Rusham Park is an industrial site in Egham, Surrey, England. It was formally owned by Shell, Richardson Vicks, and Procter & Gamble. It is now owned by Royal Holloway University.  It was named after Rusham Farm.

The four-acre site consists of ten buildings built and renovated at different times, giving it a collegiate look.  It also contains gardens, green space and a multi-story carpark.

The university has considered its options and now wishes to proceed with an alternative-use redevelopment strategy for this major developed site in the Green Belt. The intent is to seek outline planning permission to redevelop the Rusham Park site as a new Student Village after Procter & Gamble have vacated the site in 2021. Phase 1 will compensate for the loss of the 1,400 study bedrooms.

Shell
From 1956 through to about 1975, Shell Central Laboratories consolidated combustion  research to Rusham Park.  From 1960, this included a combustion laboratory, built by architects Walker Howard and Cranswick.

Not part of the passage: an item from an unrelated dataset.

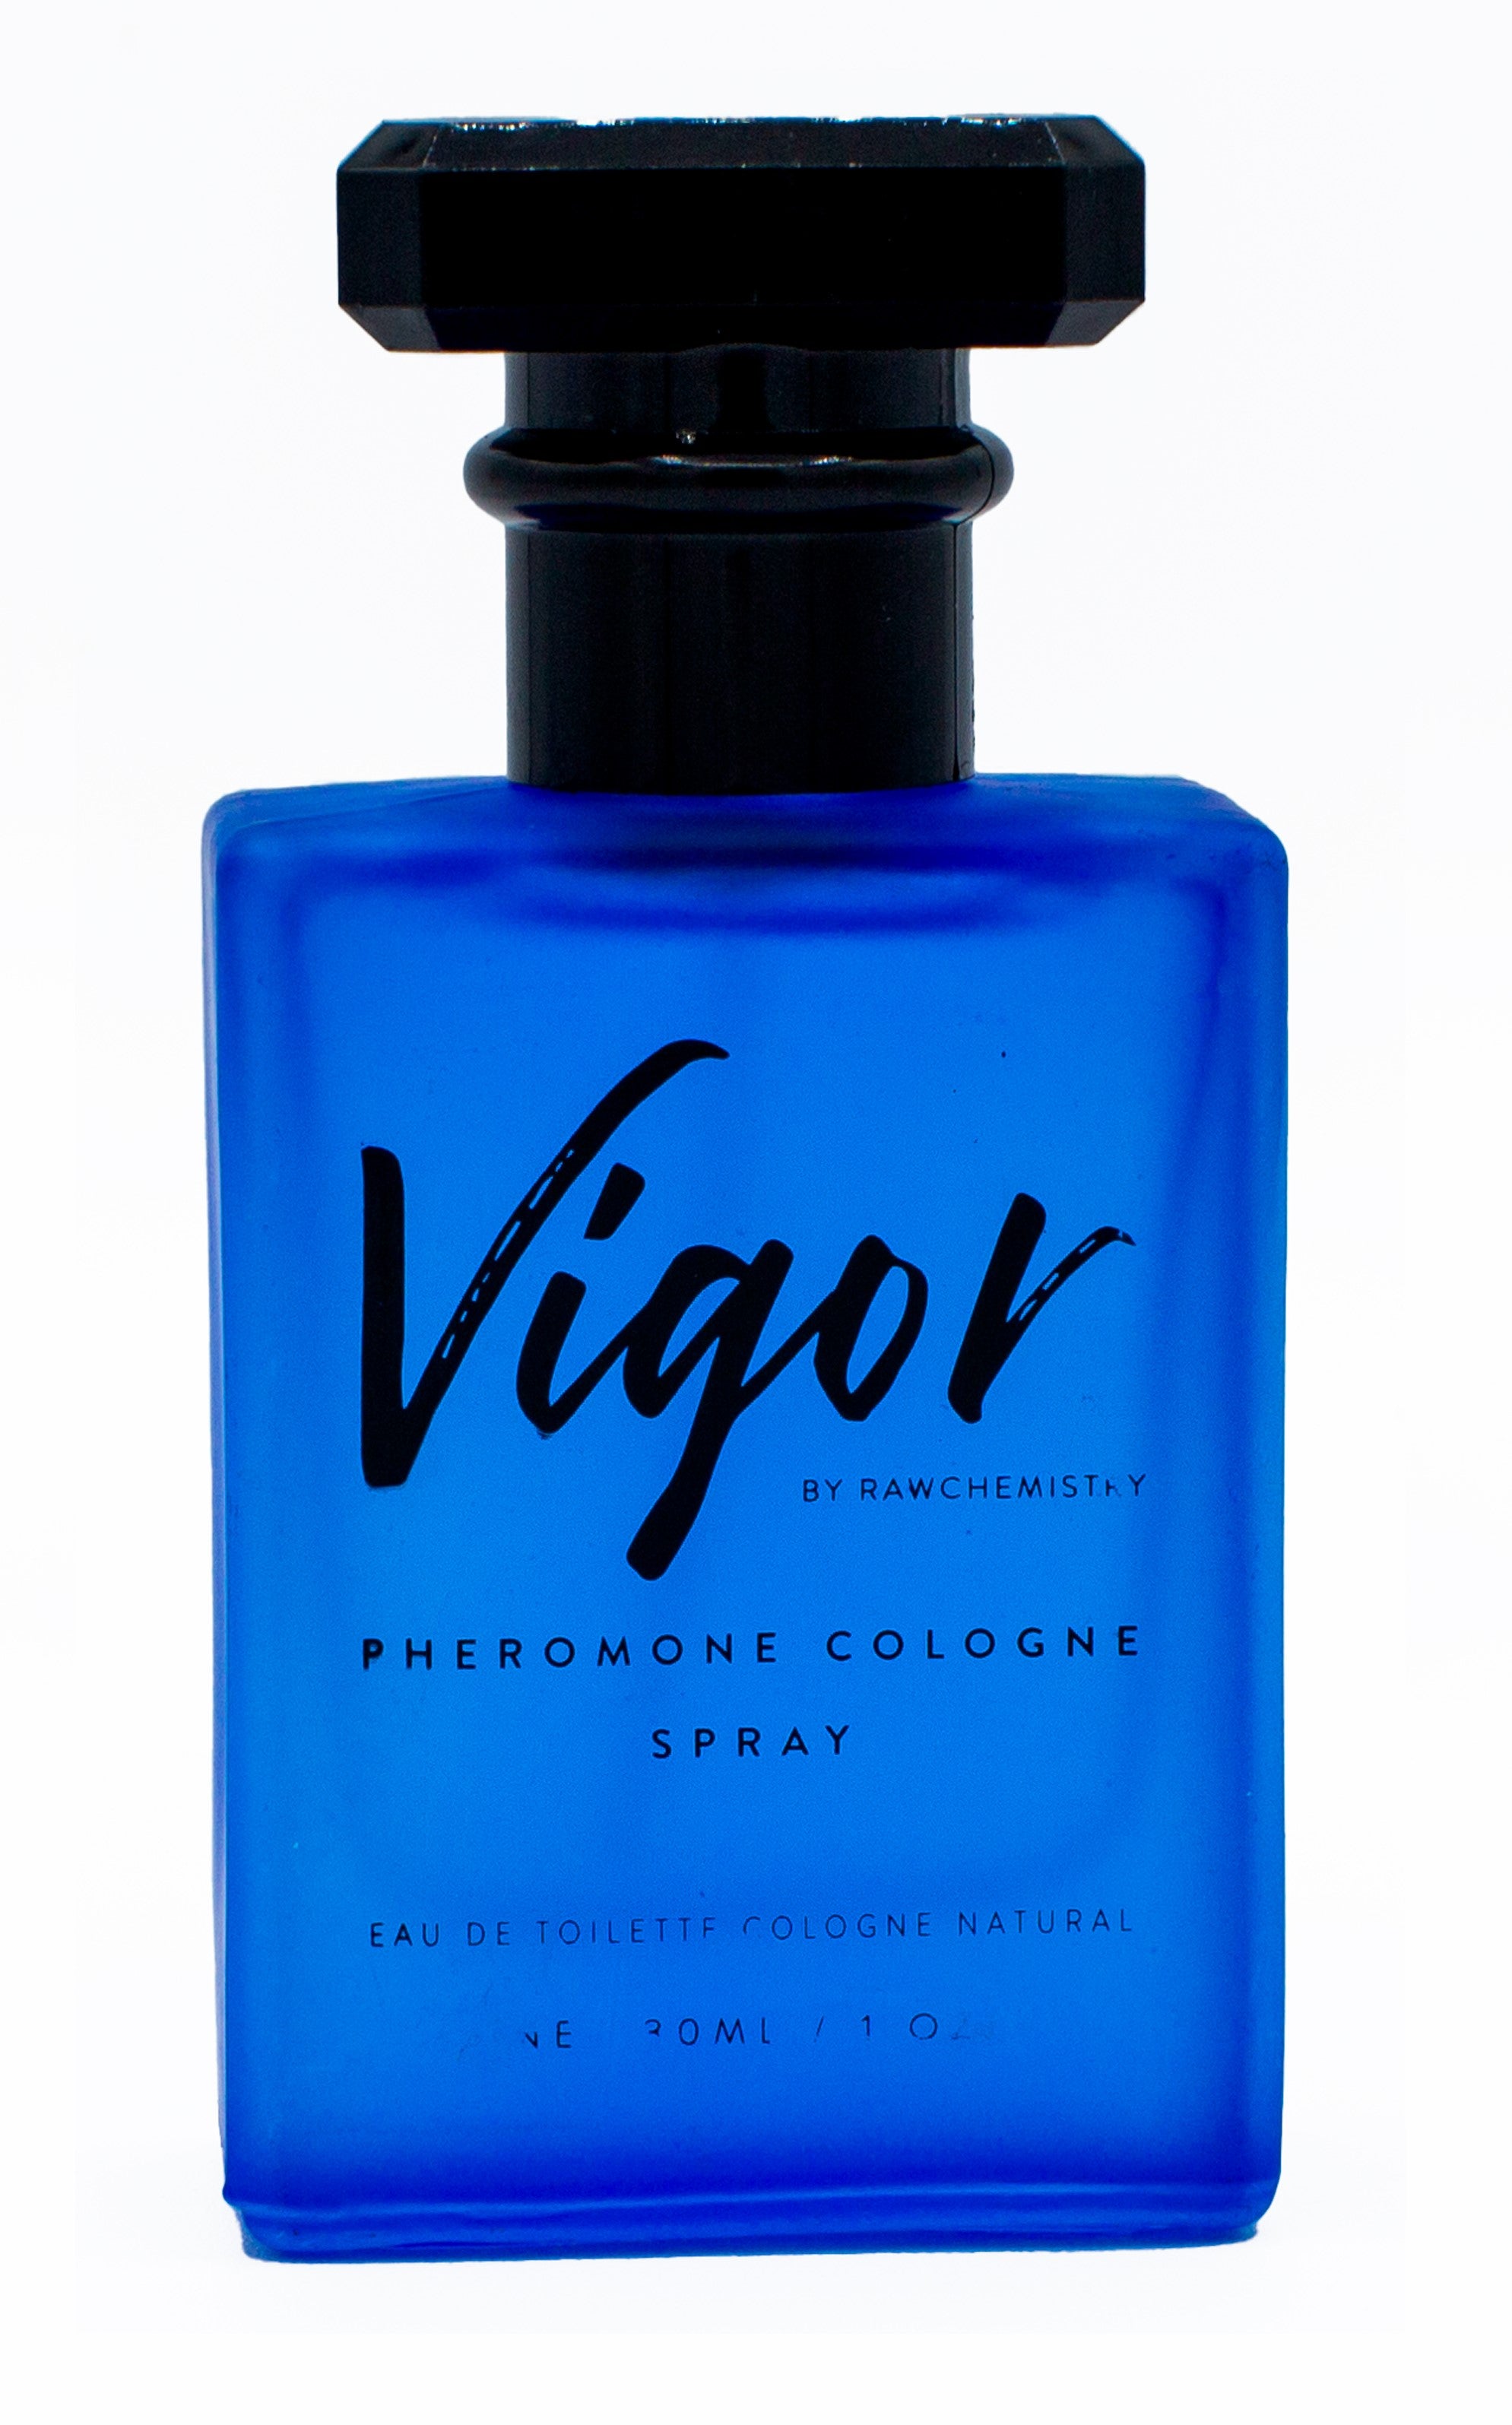 Vigor by RawChemistry a Pheromone Cologne for Men

Richardson Vicks International and Norwich Eaton
Richardson Vicks International moved into the site circa 1975. Norwich Eaton Pharmaceuticals was also based on the site.

Procter & Gamble

P&G acquired RVI in Autumn 1985.  During the time P&G owned it, it was called Egham Technical Centre, Rusham Park Technical Centre, London Innovation Centre, and Greater London Innovation Centre.  In July 2015, P&G sold 43 of its beauty brands to Coty in a £15 billion deal, and Coty became a major tenant of the site. P&G put the site up for sale, likely so they were not landlord to their competitor who took over many of the buildings.

Royal Holloway University
Royal Holloway acquired the site in July 2016, but leased it back to P&G and Coty.

According to current planning application with Runnymede, the plans are for the demolition of existing buildings and erection of purpose built student accommodation up to 1,400 study bedrooms, energy centre and ancillary uses, including a pedestrian footbridge over the railway, and associated landscaping - ("a student village") on land at Rusham Park, Whitehall Lane, Egham, Surrey.